Il est vrai que, petite, je fusse fort friande de mon lecteur cassette d'où émanaient toutes sortes d'histoires pour bambins à faire trembler les murs les plus courageux. Il eut été étrange de ne pas vouloir faire partager cela avec le fruit de mes entrailles. Tout de go je m'empressais d'acheter (oui, oui, acheter et non télécharger, une fois n'est pas coutume) l'encyclopédie universalis des contes pour enfants en trois volumes. Le sourire aux lèvres, l'oreille tendue, je guettais l'émerveillement naissant sur le visage poupon de mon gnome à deux pattes. Quelle ne fût pas ma surprise quand les réminiscences des souvenirs que je gardais au chaud furent désappointées par la réalité crue et sans appel de la morale de Barbe Bleue.
Point de fin à la "Experts Las Vegas" où les gentils triomphent toujours, point d'empathie pour la jouvencelle fraîchement mariée qui découvre que son mari est un serial killer. Non, la morale de cette histoire n'est point que de tuer ses précédentes femmes et de les dépecer (si, si), est mal.

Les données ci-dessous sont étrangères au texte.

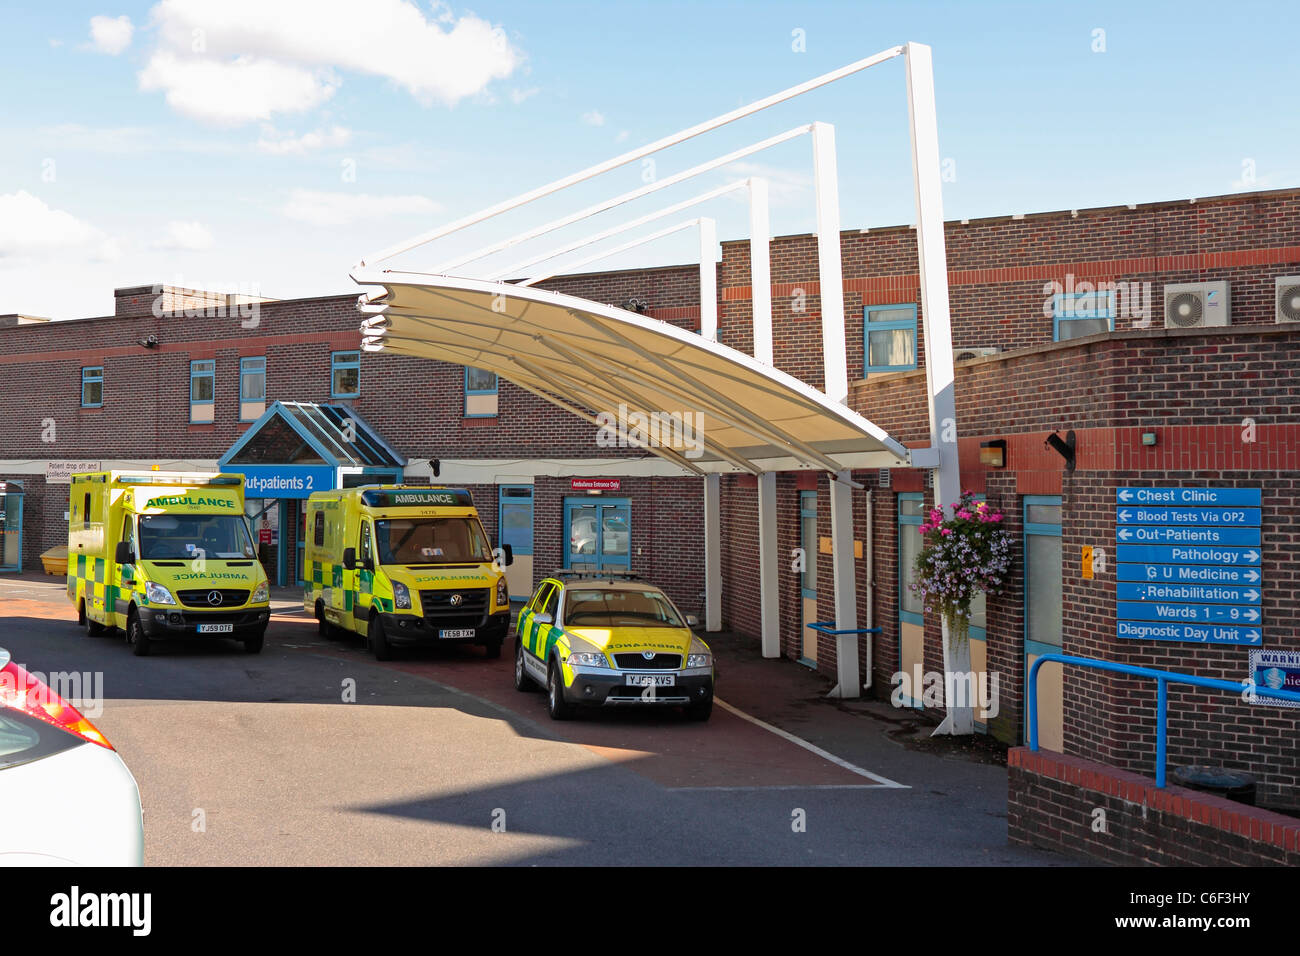 Doncaster Royal Infirmary A&E Accident and Emergency Department and Outpatients 2 entrance with ambulances and a fast responder parked outside Stock Photo

La morale de cette histoire est que la curiosité de sa jeune mariée est un très vilain défaut. Bon.
Dans cet encéphale bien pensant je me dis que cet histoire est une erreur parmi pléthores de jolies comptines et continue sur ma lancée de redécouverte audio-phonique. Les bras m'en tombent quand la bergère lapide son petit chat, sus chanté "très fripon", après qu'il ait osé déroger à son ordre de ne pas boire le lait de mouton (du lait de mouton, soit). La morale est donc, si je ne me trompe, que les animaux doivent taire leurs instincts primaires au risque de se voir déboyauter dans la seconde.
Taisons peut-être aussi cette comptine digne des banlieue de Lyon où la mère Michelle doit donner une rançon contre son chat bien-aimé. Celle où la désobéissance d'un enfant se solde par une mort atroce sur l'pont du Nord. Attention à votre fils qui pourrait développer une névrose certaine à l'écoute de gentil coquelicot où il est dit que les hommes ne valent rien et les garçons encore bien moins. Une envie de violence à l'adolescence? Regardez du côté de pomme de reinette et pomme d'api qui propose aux enfants de donner un coup de marteau si un de leur camarade ne suit pas leur directive.
Après toutes ces jolies choses implantées dans notre cerveau dès le plus jeune âge je trouve donc bien étrange de me voir totalement perturbée à la lecture du fait divers concernant ce gentil pédophile reconnaissant les viols de 60 enfants et libéré pour CHF 10'000 (environ € 8'000) car l'extradition Suisse-France n'est apparemment pas totalement au clair. Ce que j'ai pourtant apprit de ces fables c'est que ceux qui doivent être emprisonnés sont au mieux ces petits bâtards ignares qui parlent au premier venu et au pire les parents inconscients qui n'ont pas mieux élever leur progéniture.
Alors oui, je sais, la peur, la violence, la mort ... doivent faire parti du processus de développement de l'enfant blablabla. Mais dans ce contexte fort perturbant pour un nouveau parent élevé avec des chansonnettes du moyen âge où l'usage de la violence n'était pas aussi décriée comment trouver son juste milieu avec un livre de Rufo et les lingettes Bio? Comment expliquer à ma fille la finalité d'une fable quand moi-même j'ai du lutter pour retenir une larme lors du passage à tabac du petit chat? Comment survivre à l'idée d'envoyer ma fille en colonie quand moi-même j'ai adoré cette expérience survenue bien avant tous les drames Dutroux et compagnie? Comment ne pas céder à la laisse pour enfant si abjecte aux vues de tout ces kidnapping d'enfants?
En devenant parent je m'attendais bien à avoir quelques frayeurs, mais certainement pas à remettre en question l'écoute du bon Roi Dagobert!